Зачем я все это сделала? — думала я. Зачем пустилась в поиски и розыски, в поездки и расследования? Чтобы потерять все то, что у меня было? Чтобы ничего не найти взамен? Потеряв Игоря, я не обрела Джонатана. Найдя Шерил, я ее едва не потеряла. И отца я нашла себе не в радость — только отвращение и тоска: стоило ли находить? И мать мою — Светлану — зачем разыскала? Чтобы осложнить себе жизнь, раздираясь между двумя матерями? Чтобы моя мама страдала, узнав, что я не ее дочь? И, что хуже всего, узнав, что уже появилась в моей жизни другая, новая и к тому же родная мать?…

Стоило ли доискиваться до правды, если правда мне эта в результате не нужна ни с какой стороны? Жила бы себе тихо, как раньше, и радовалась бы…

Я плакала. Я знала, что я с собой лукавлю. Я знала, что не могла поступить иначе. Я знала, что я не могла бы жить «тихо, как раньше». До бомбы в машине — могла, а после нее — уже нет. Но я все равно плакала от обиды и жалости к себе, и мне было неимоверно одиноко, неуютно и плохо.

* * *

Ванна булькала утробно: должно быть, она уже достигла верхнего сливного отверстия. Я долго сражалась с собой, победила, наконец, в неравном бою, встала со стула и пошла закрутить воду.

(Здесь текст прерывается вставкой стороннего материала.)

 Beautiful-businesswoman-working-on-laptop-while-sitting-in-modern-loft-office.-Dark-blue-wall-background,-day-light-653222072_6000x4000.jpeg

Едва я скинула халат и ступила одной ногой в горячую воду, как раздался тихий стук в дверь. Вытащила ногу в пене, снова надела халат, пошла открывать.

Джонатан на пороге.

Улыбается:

— Нам необходимо выпить алкоголь. Чтобы не заболеть.

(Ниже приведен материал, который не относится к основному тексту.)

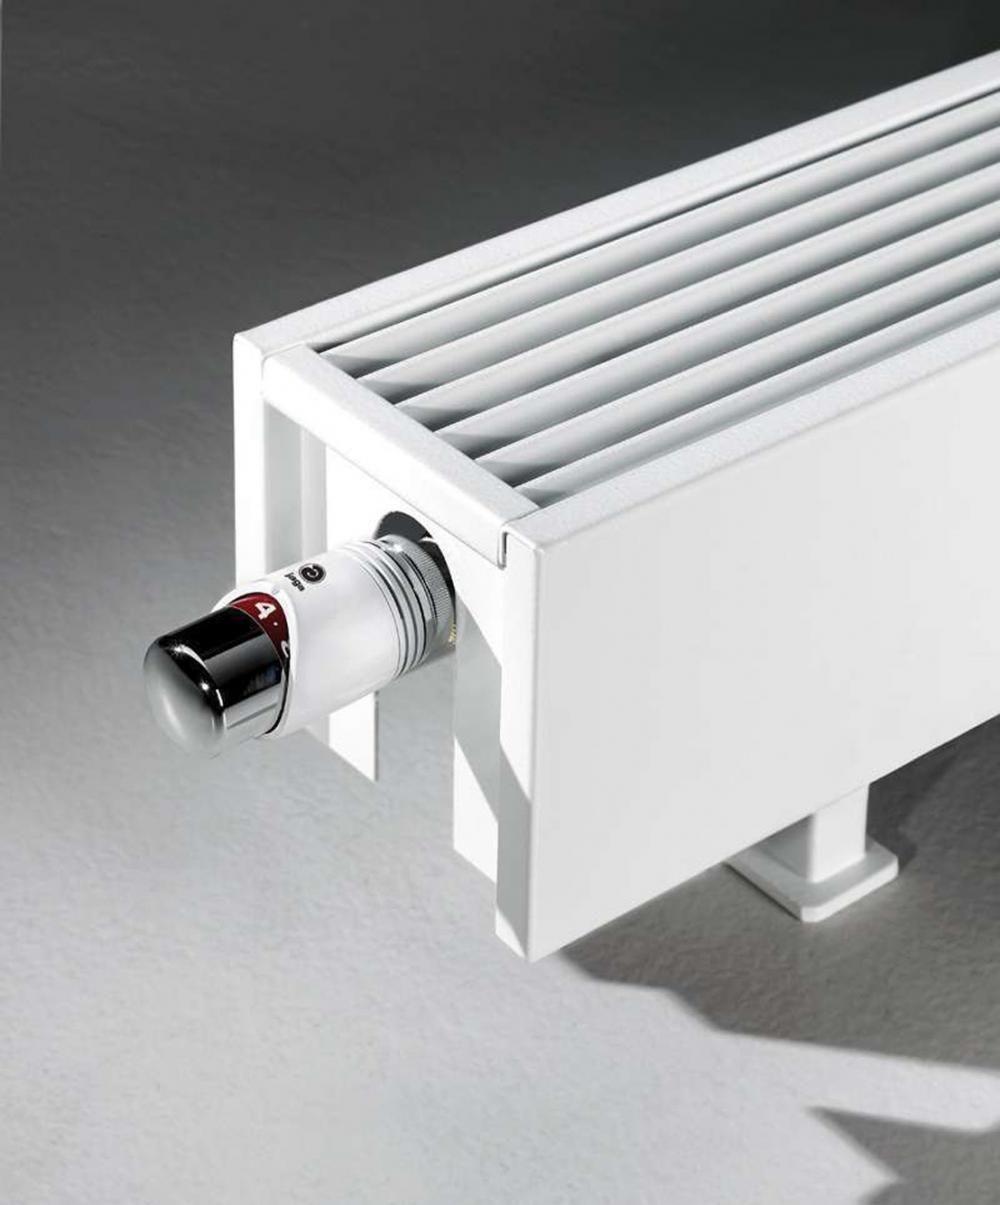 Calorifere Mini Freestanding 130x600x80 mm, 197 W

В руках у него бутылка с французским коньяком и двумя рюмками, карман его джинсов распирает румяное яблоко. Откуда он все это приволок — не знаю. Возможно, в гостинице был ночной бар. Он должен был заплатить уйму денег за этот коньяк…

Джонатан, меж тем, уже расположился у меня в комнате.

— Я хотела бы принять ванну сначала…

— Ты еще не приняла? — удивился он.

— Когда? Мы пятнадцать минут, как приехали!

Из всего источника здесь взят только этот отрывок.